━━━━━ DATA EXTRACT ━━━━━
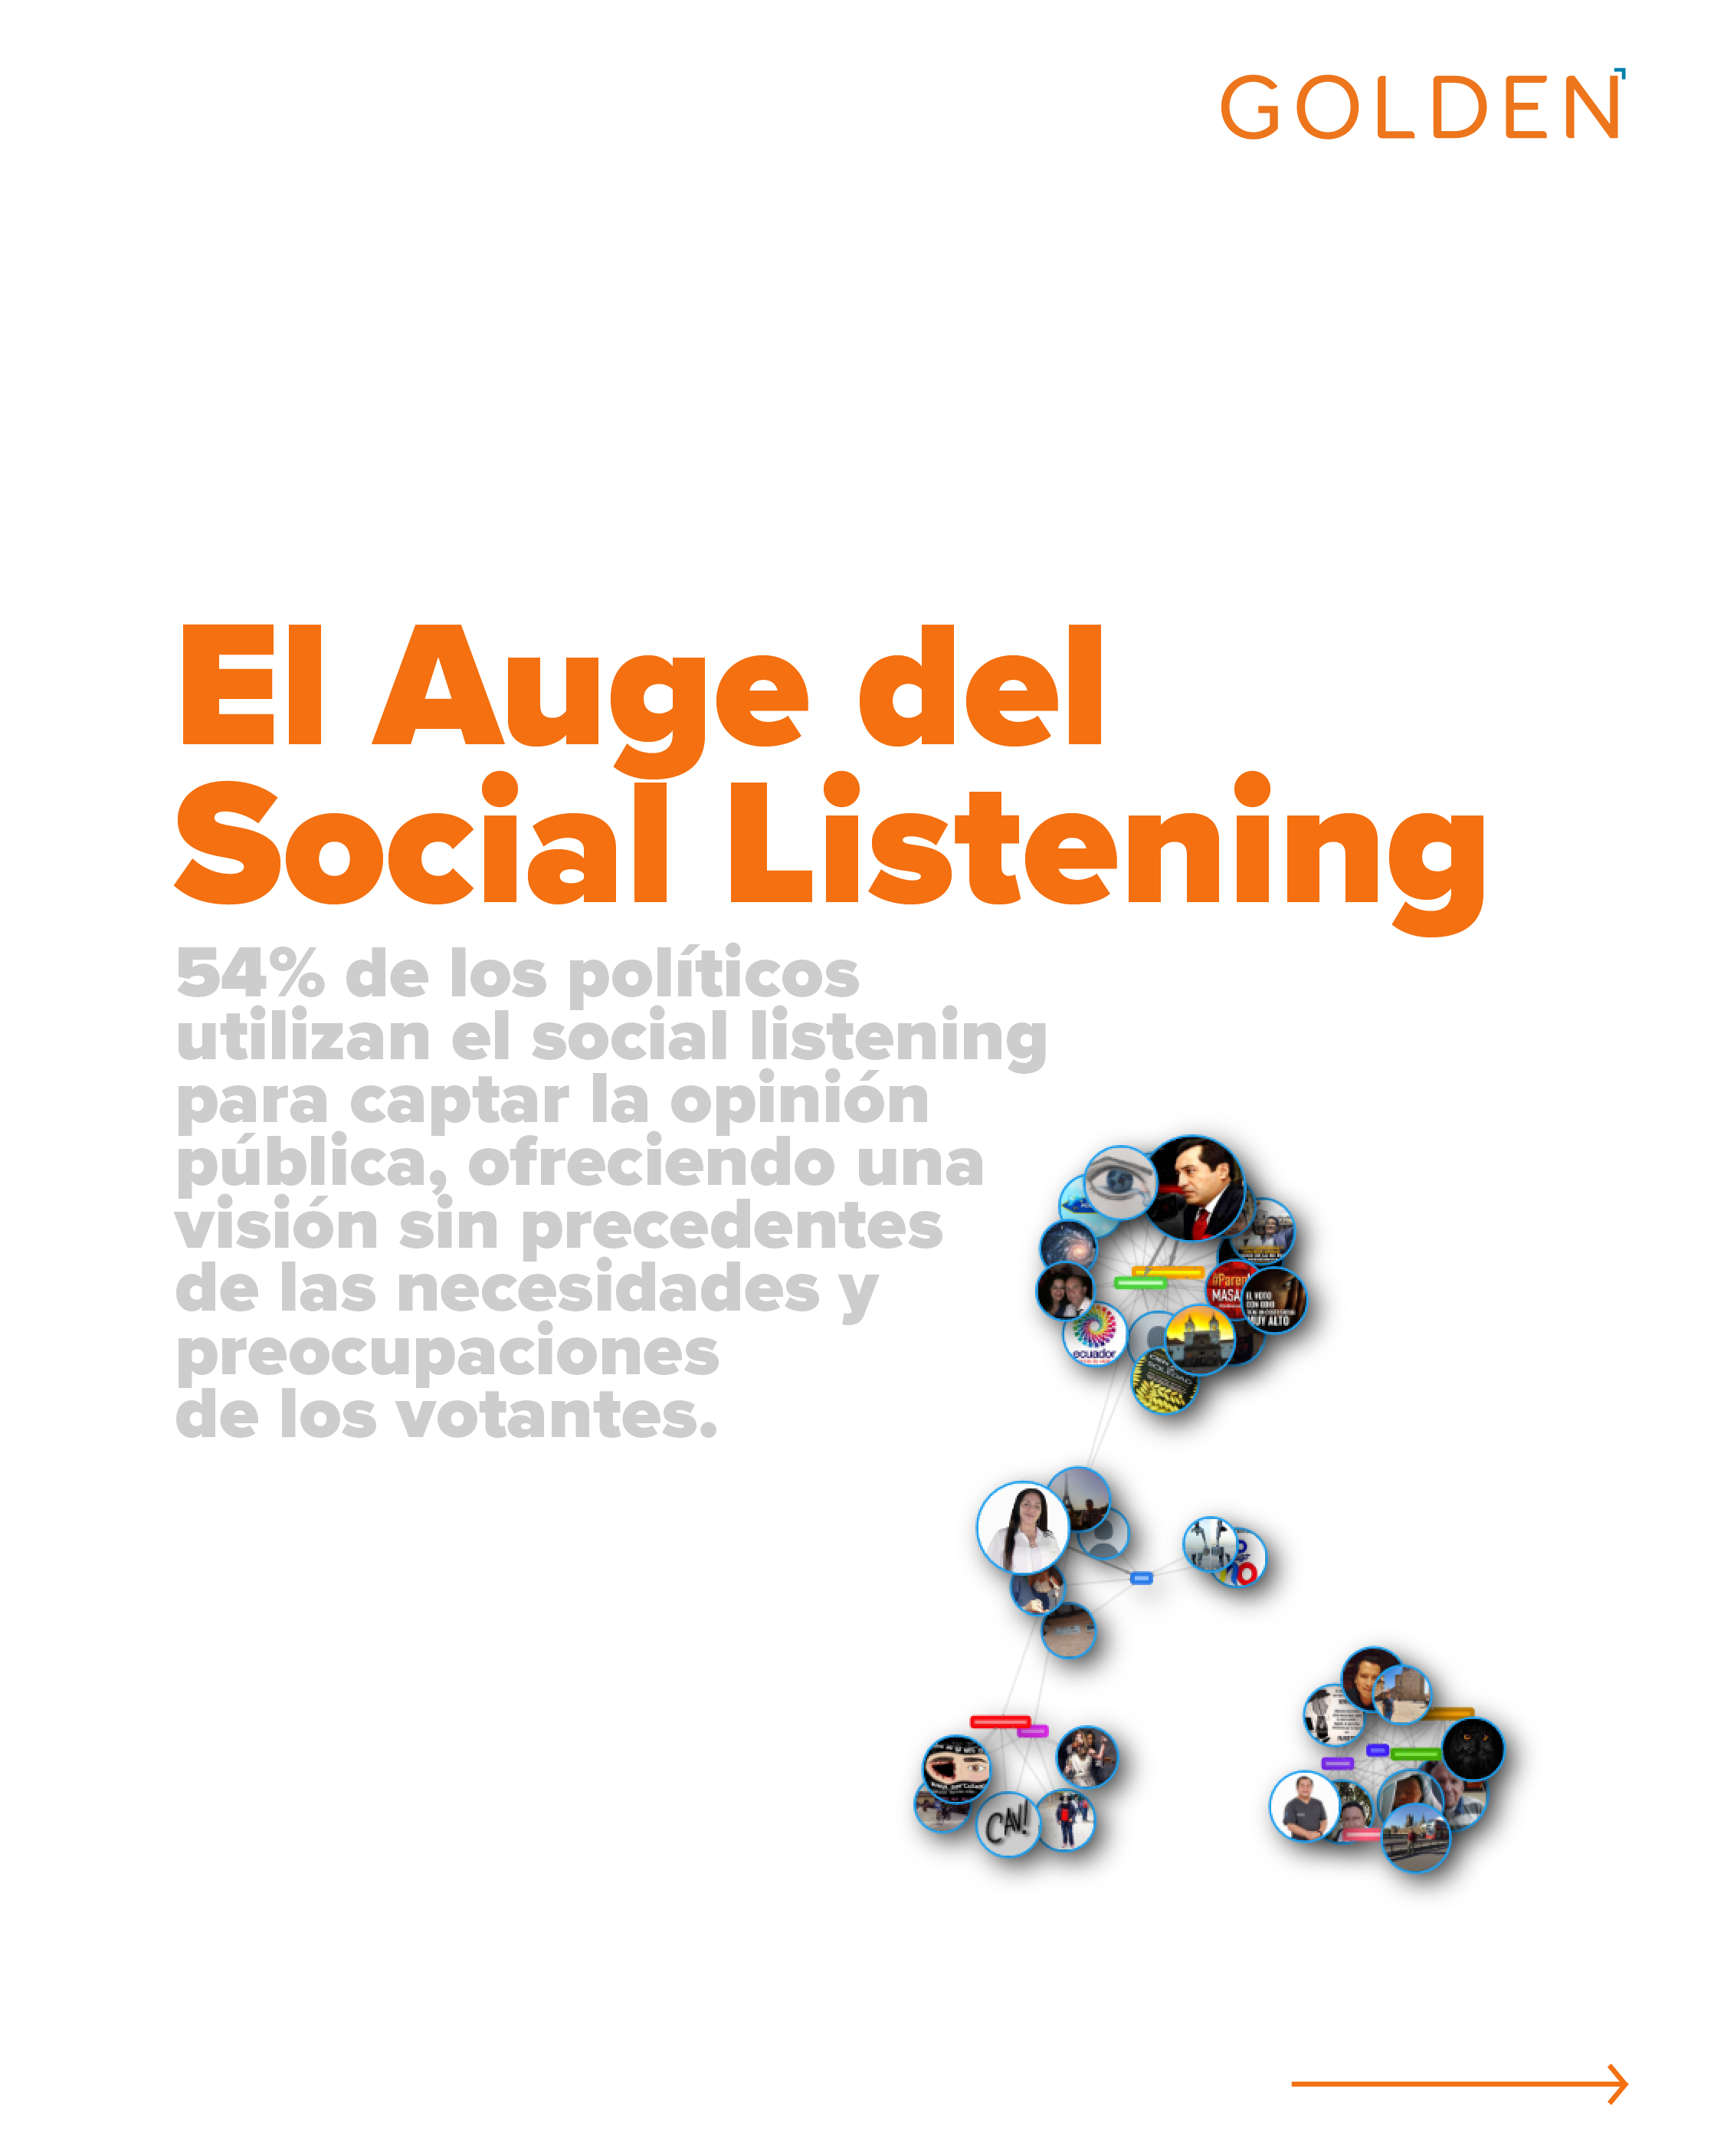 Social Listening en Política
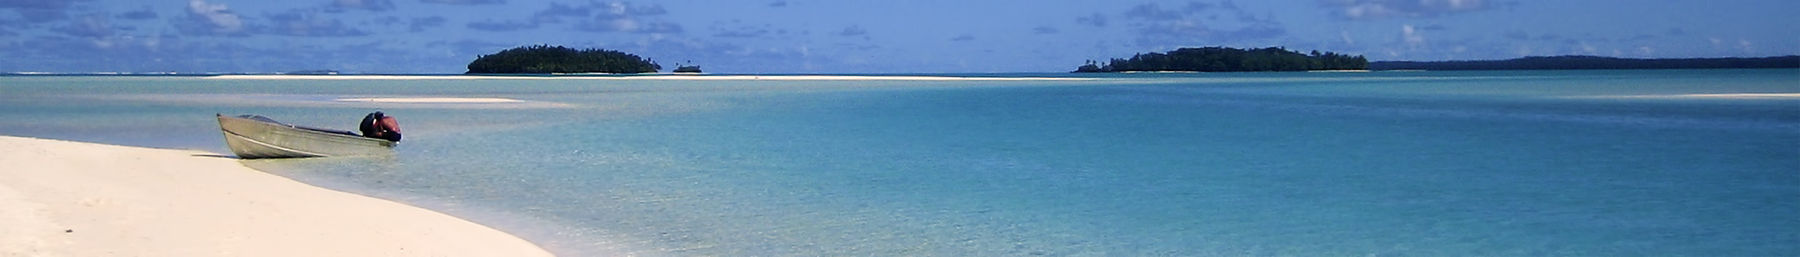 Praia das Ilhas Cook banner.jpg
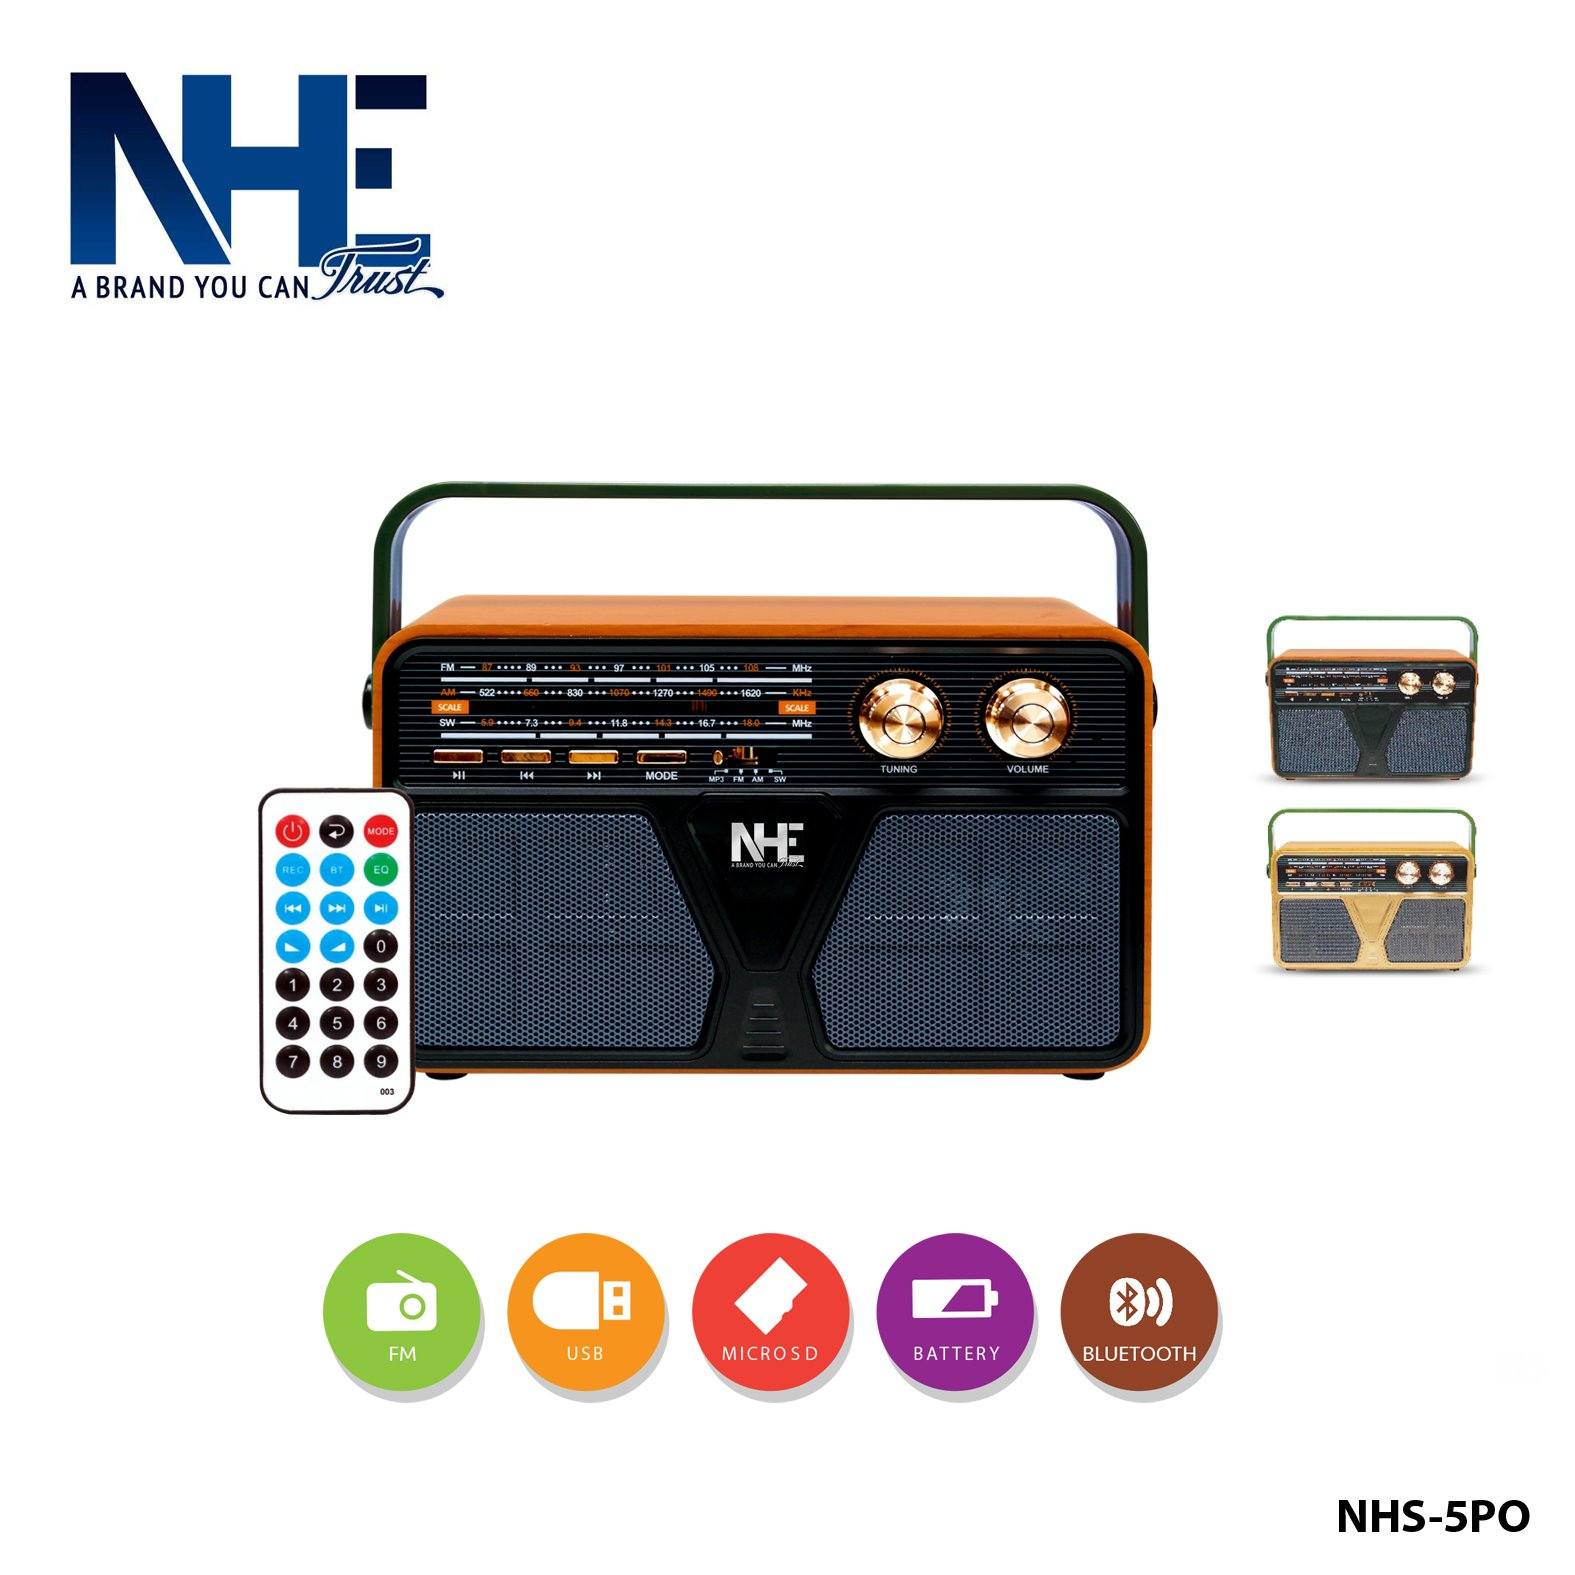 NHE Speaker NHS-5PO19
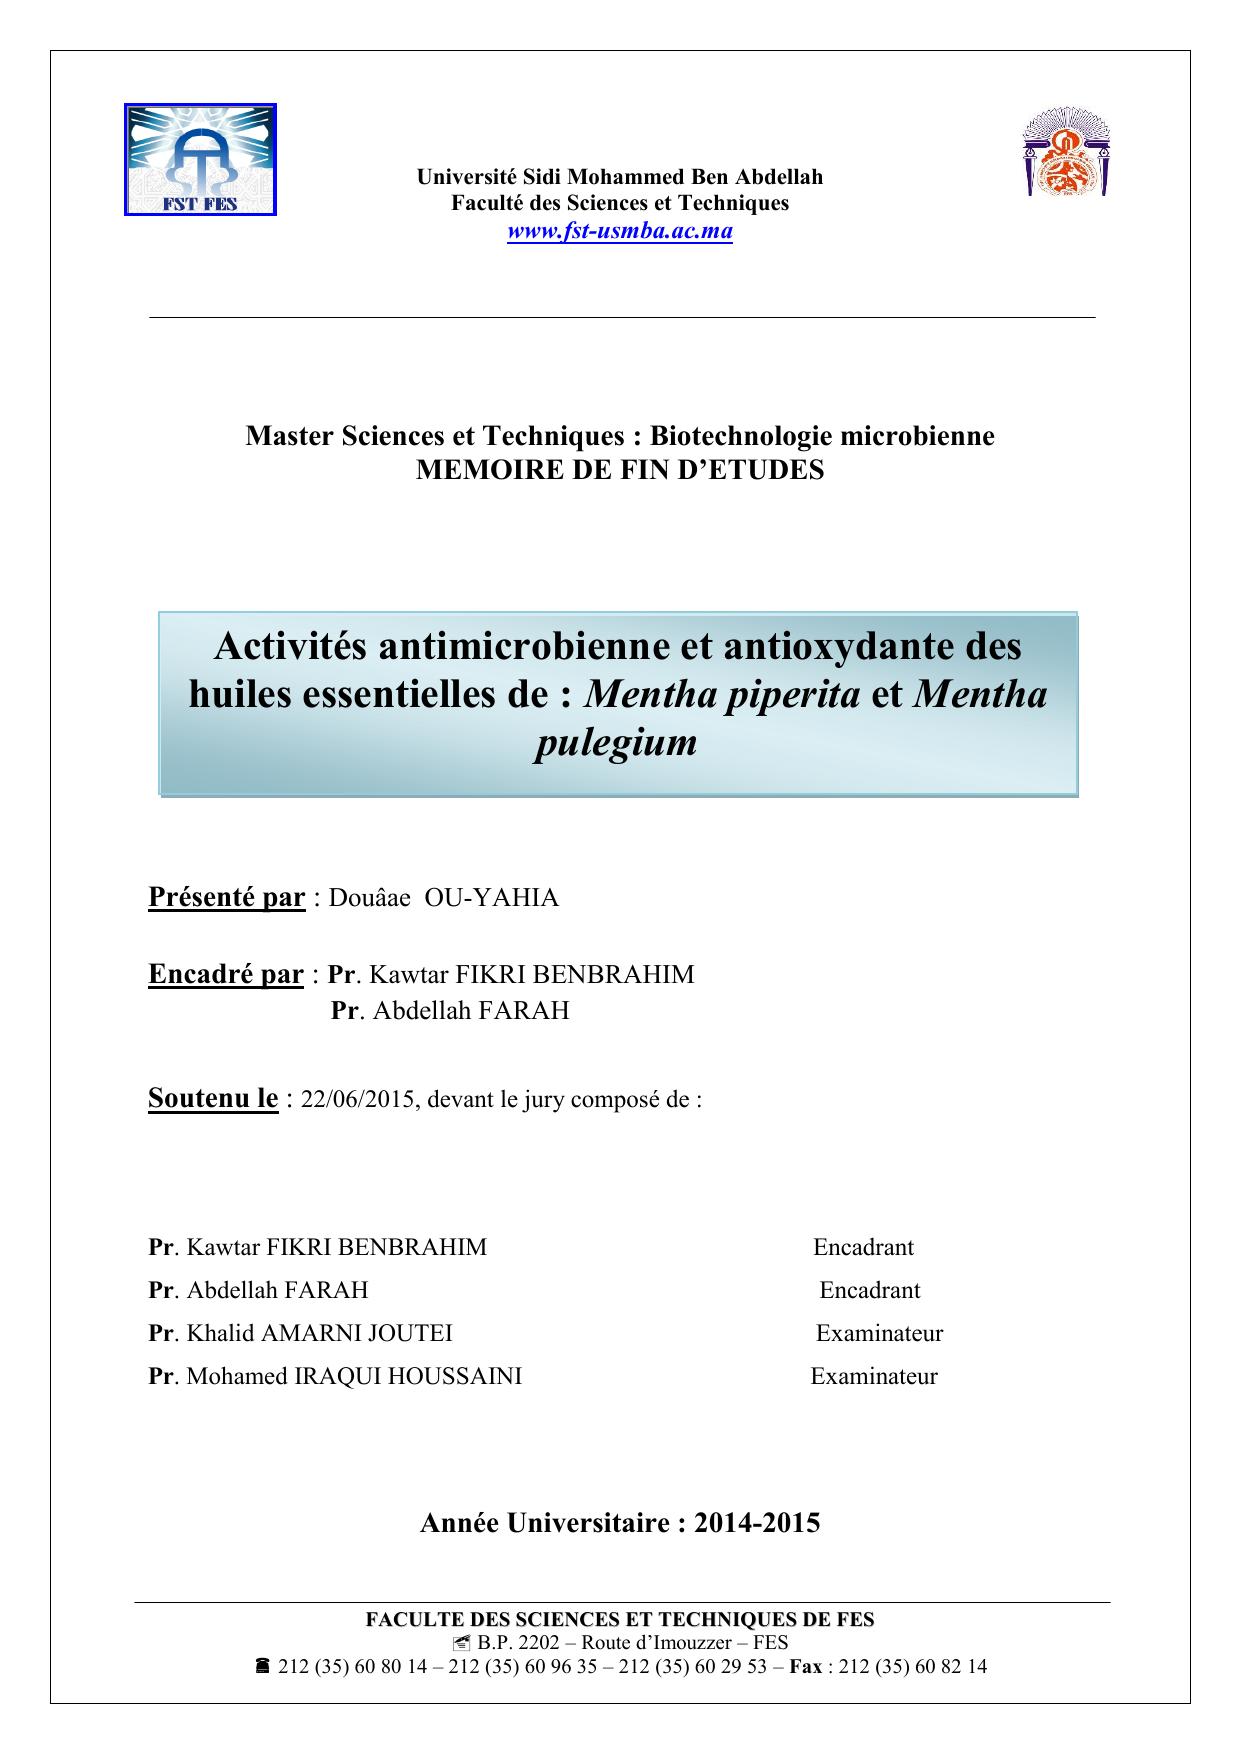 Activités antimicrobienne et antioxydante des huiles essentielles de : Mentha piperita et Mentha pulegium
━━━━━
**PROBLEM TO SOLVE**
Write out the whole listing exactly, and drop the pictures.

**ANSWER TO THE PROBLEM**
 Social Listening en Política
 Praia das Ilhas Cook banner.jpg
 NHE Speaker NHS-5PO19
 Activités antimicrobienne et antioxydante des huiles essentielles de : Mentha piperita et Mentha pulegium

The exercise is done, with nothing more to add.